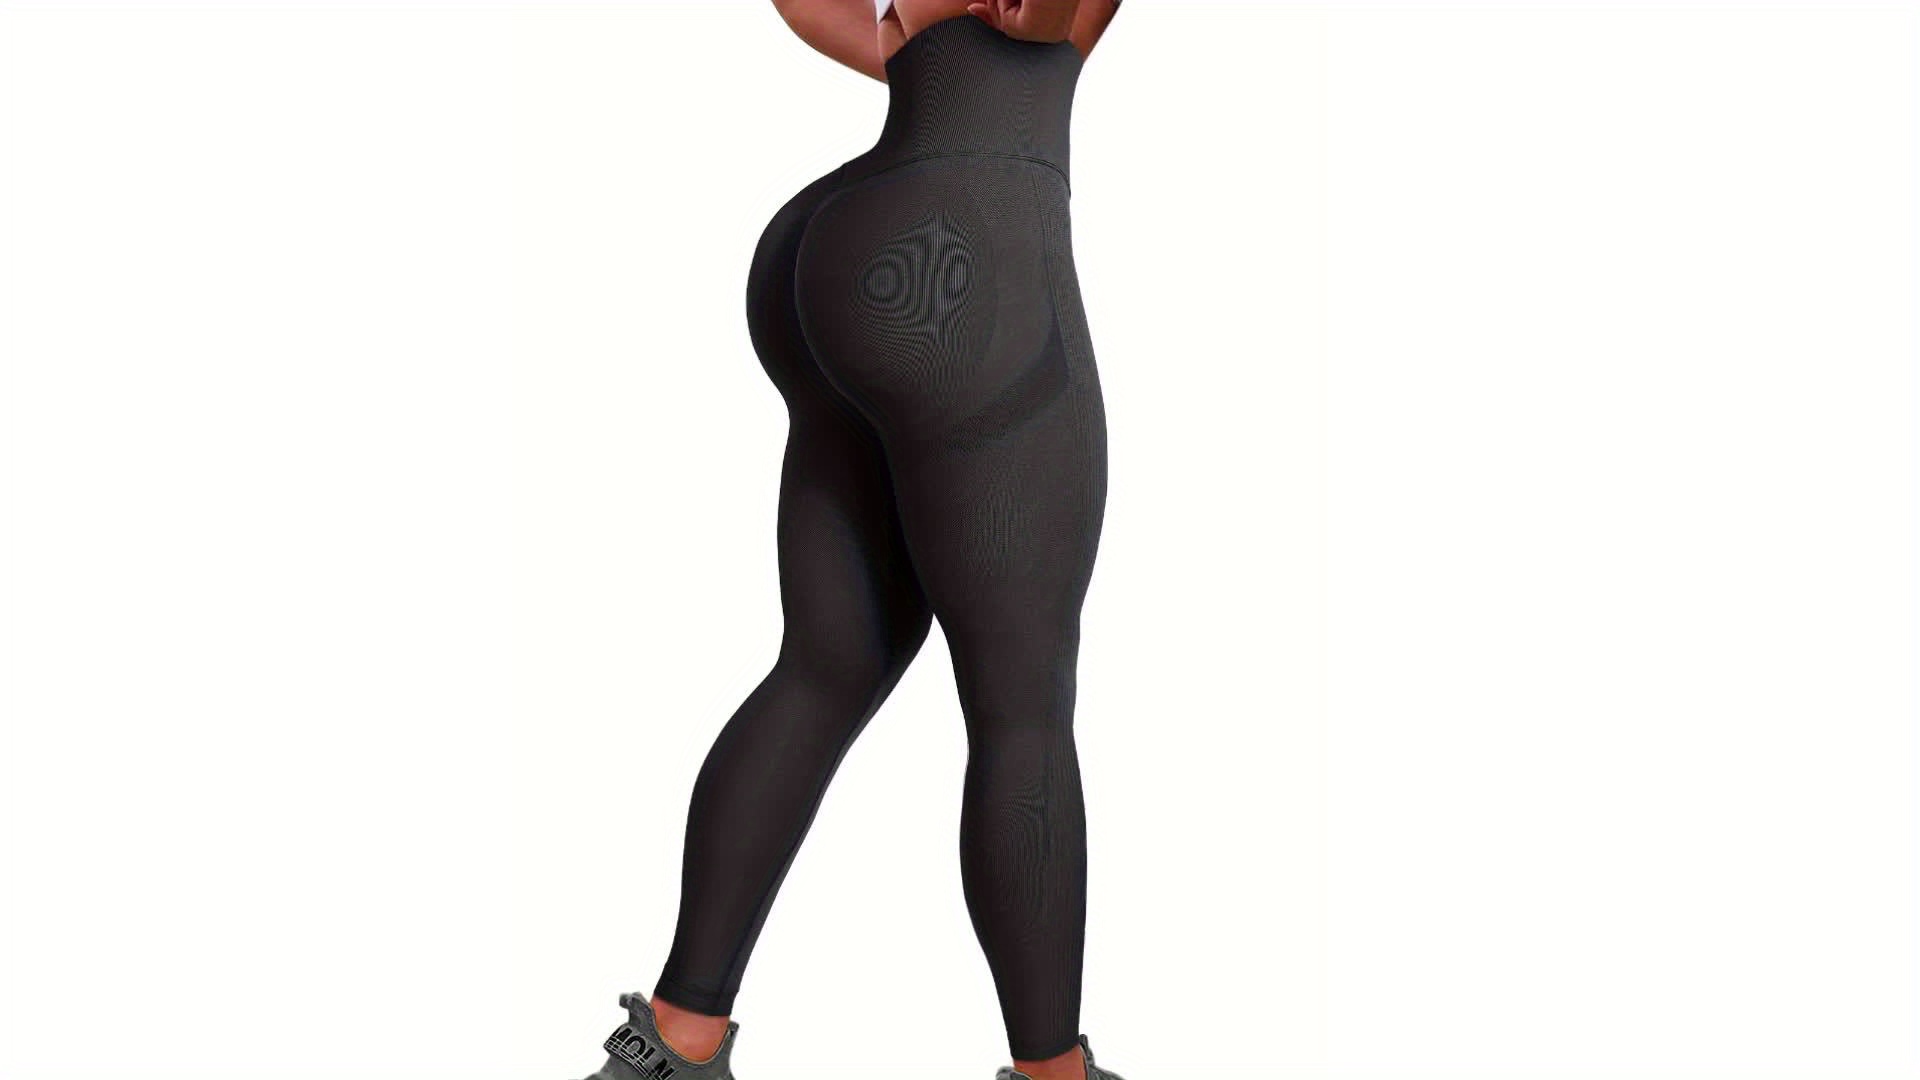 Gyouwnll Women's Ruched Butt Lifting High Waist Yoga Pants
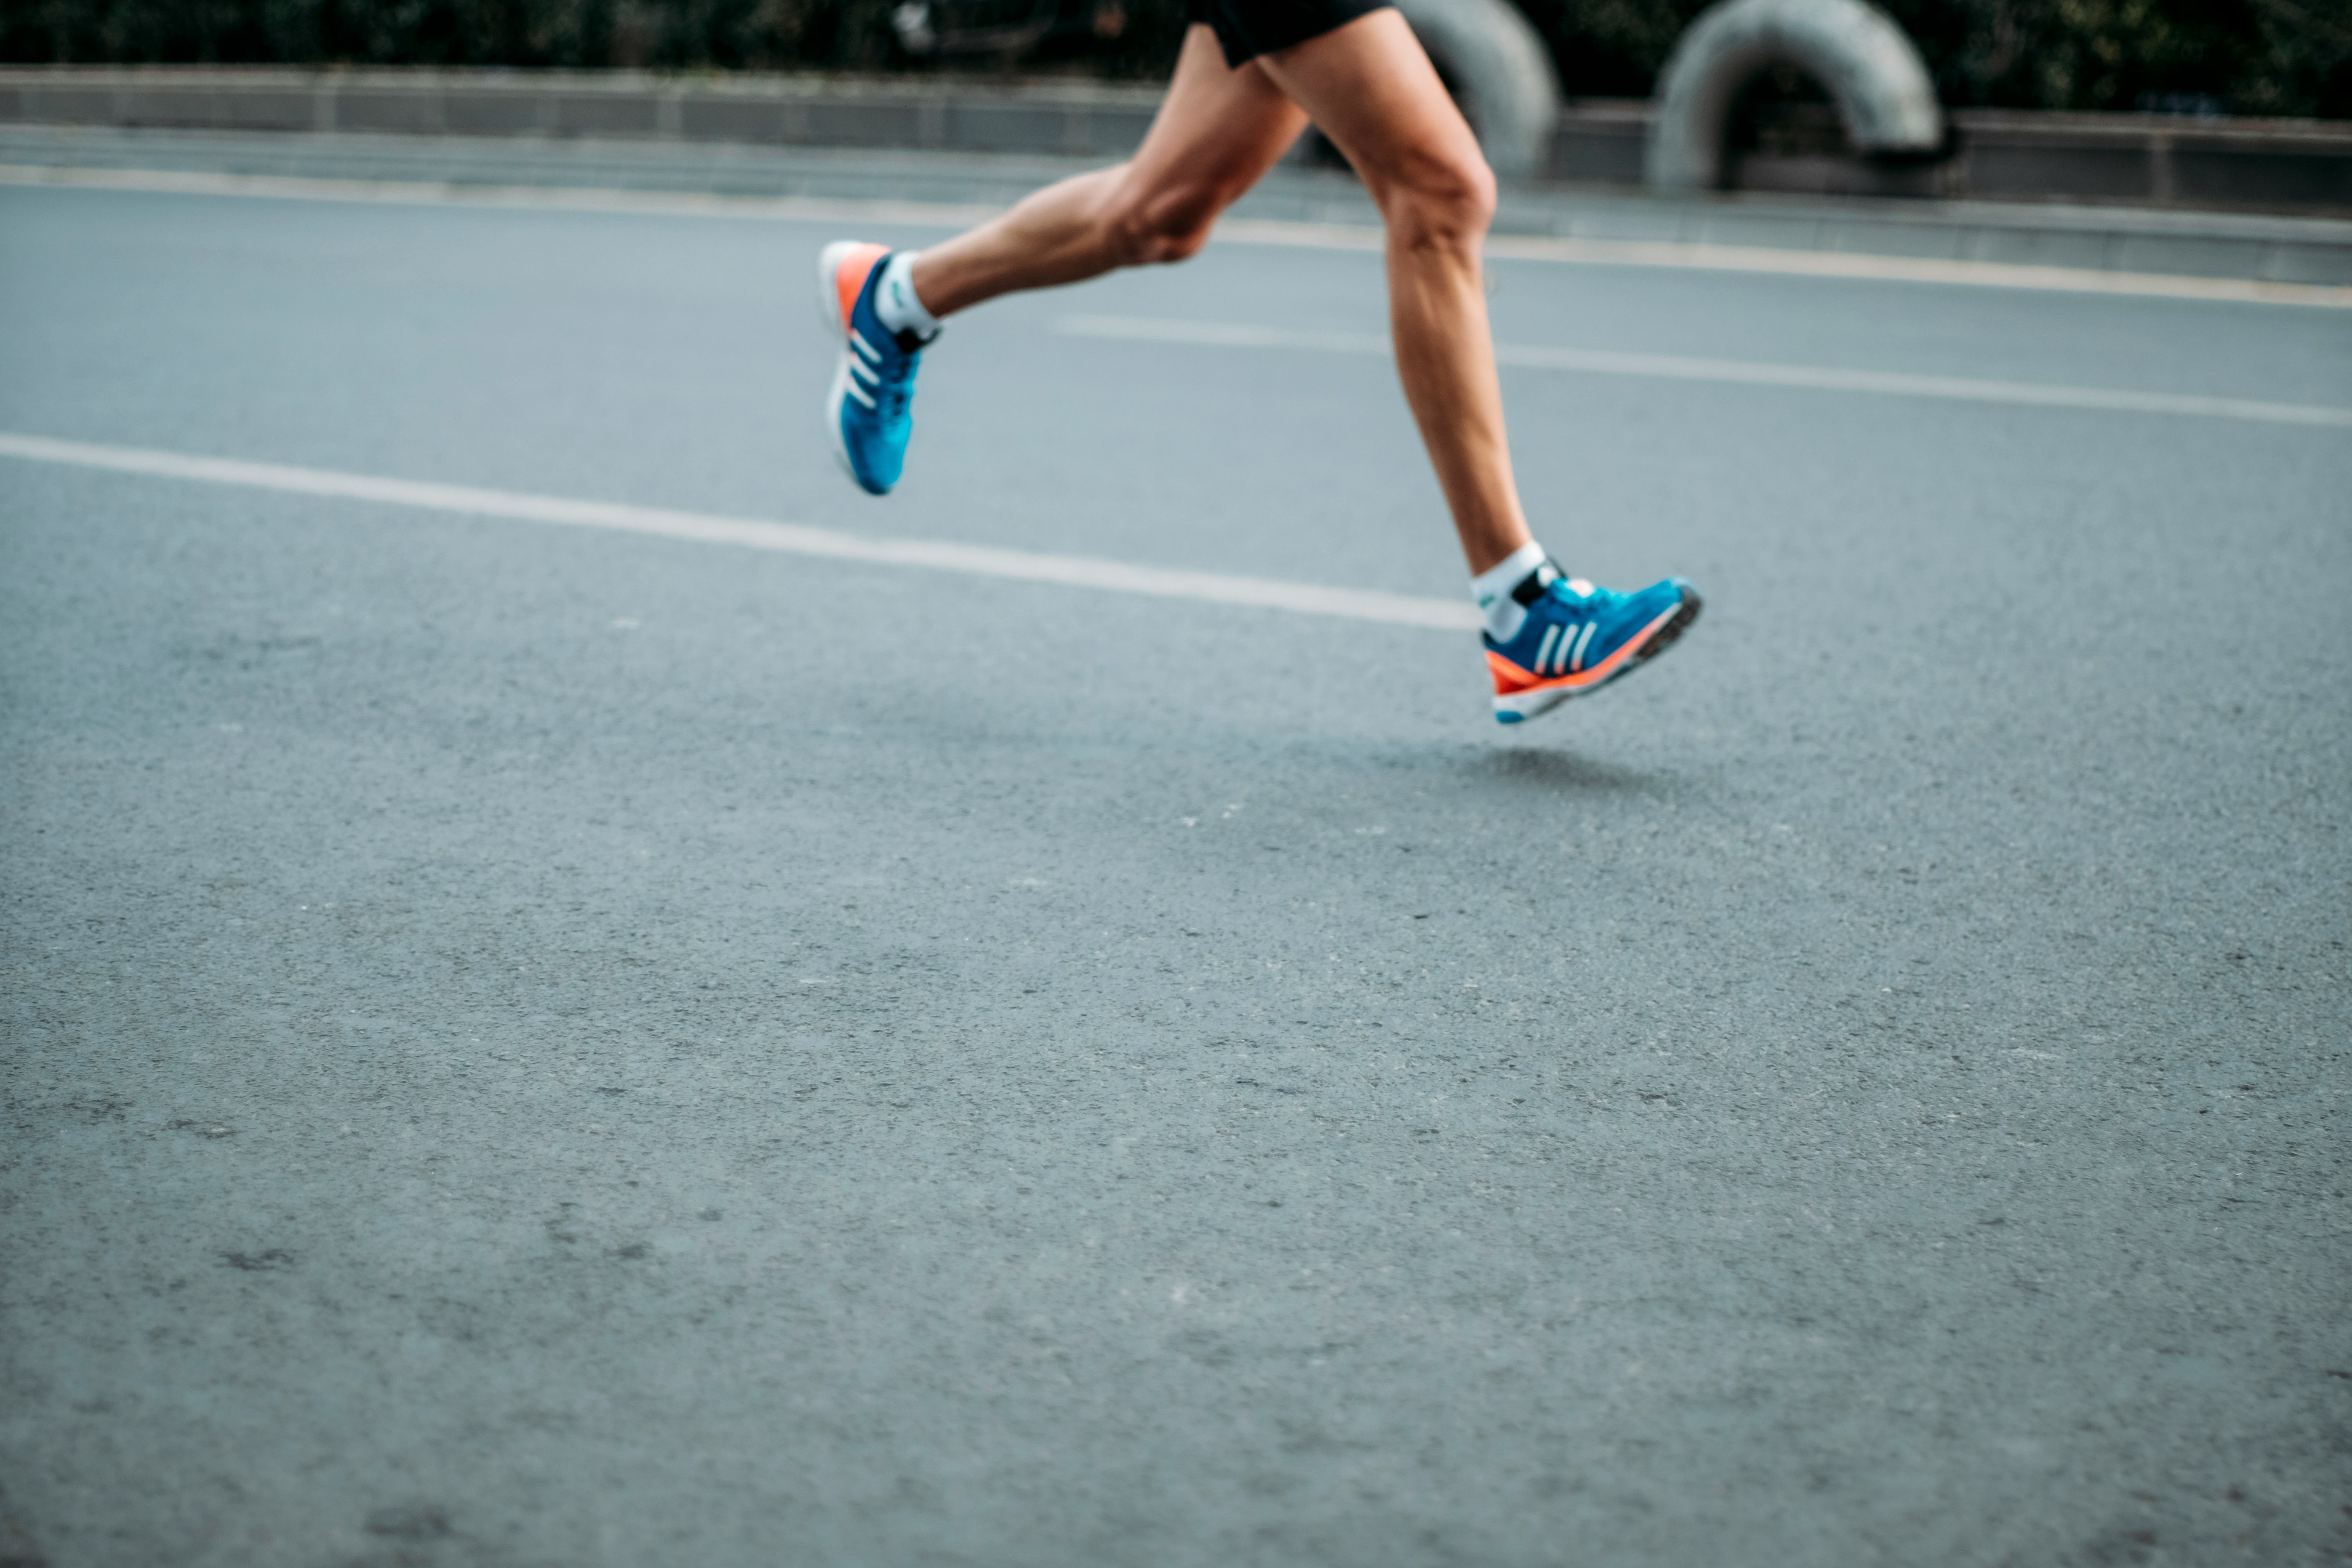 image of someone running on asphalt photo by sporlab
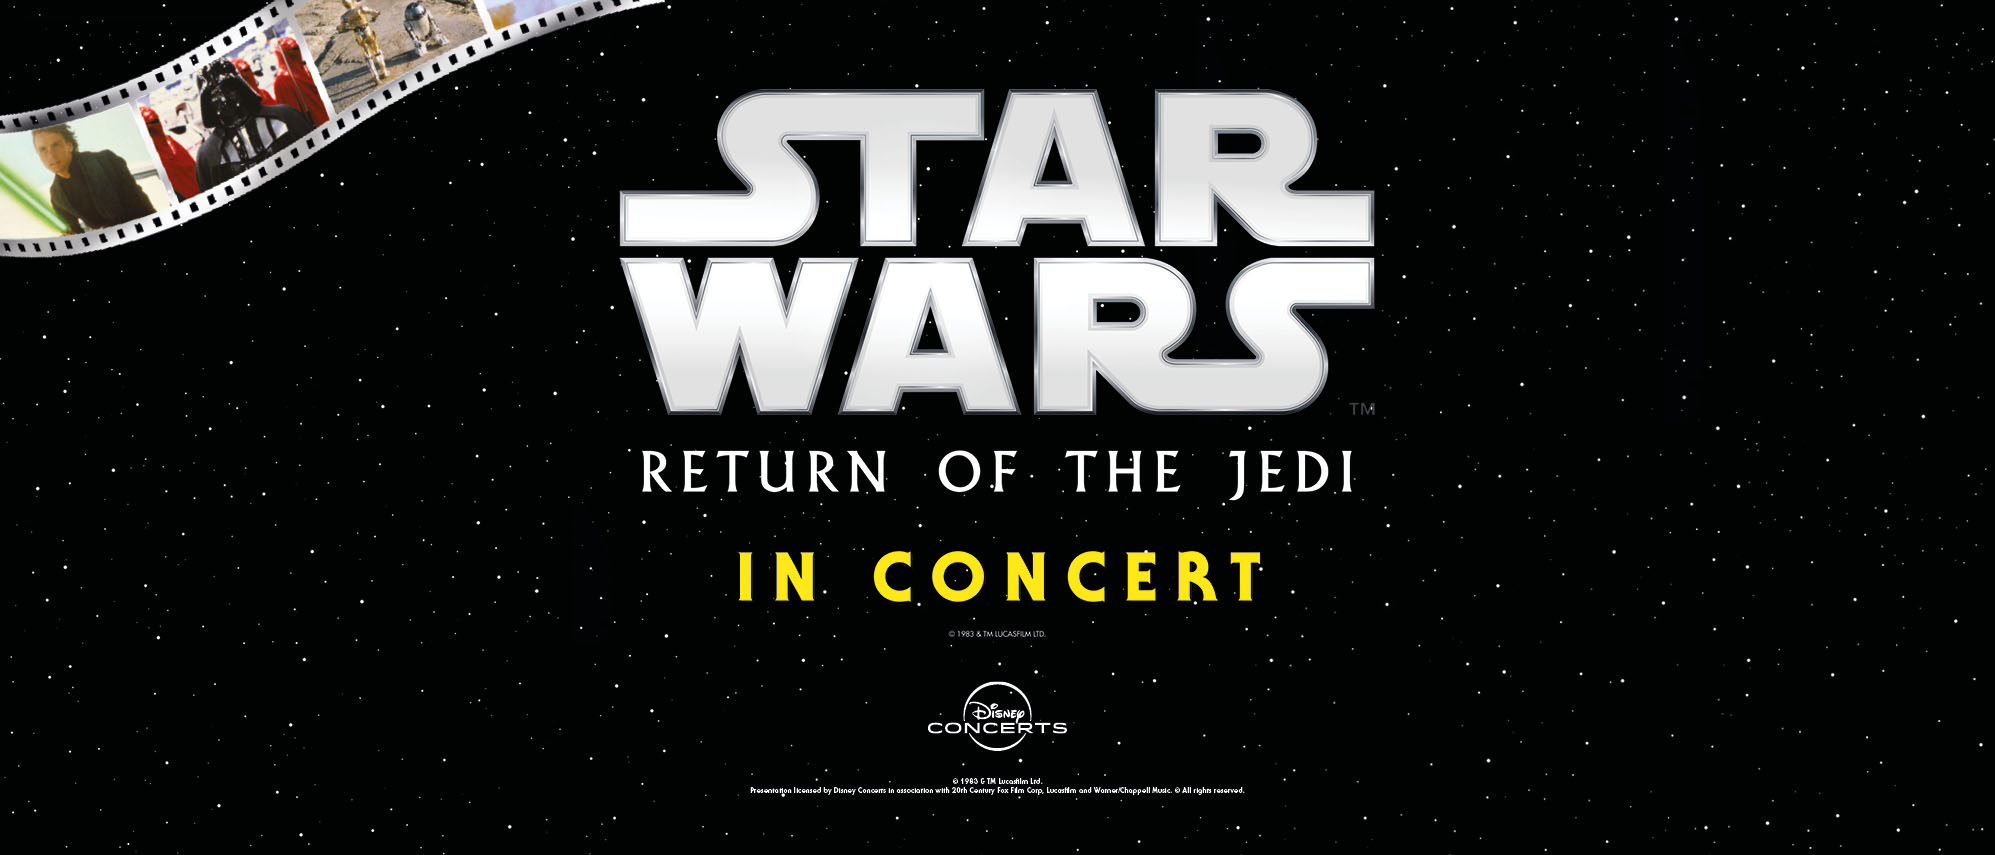 Star Wars: Return of the Jedi in Concert.
------
*Task requirements:* A word-for-word copy of the listing is the goal; keep every picture out of it.

*Answer for this exercise:*
 Gyouwnll Women's Ruched Butt Lifting High Waist Yoga Pants
 image of someone running on asphalt photo by sporlab
 Star Wars: Return of the Jedi in Concert.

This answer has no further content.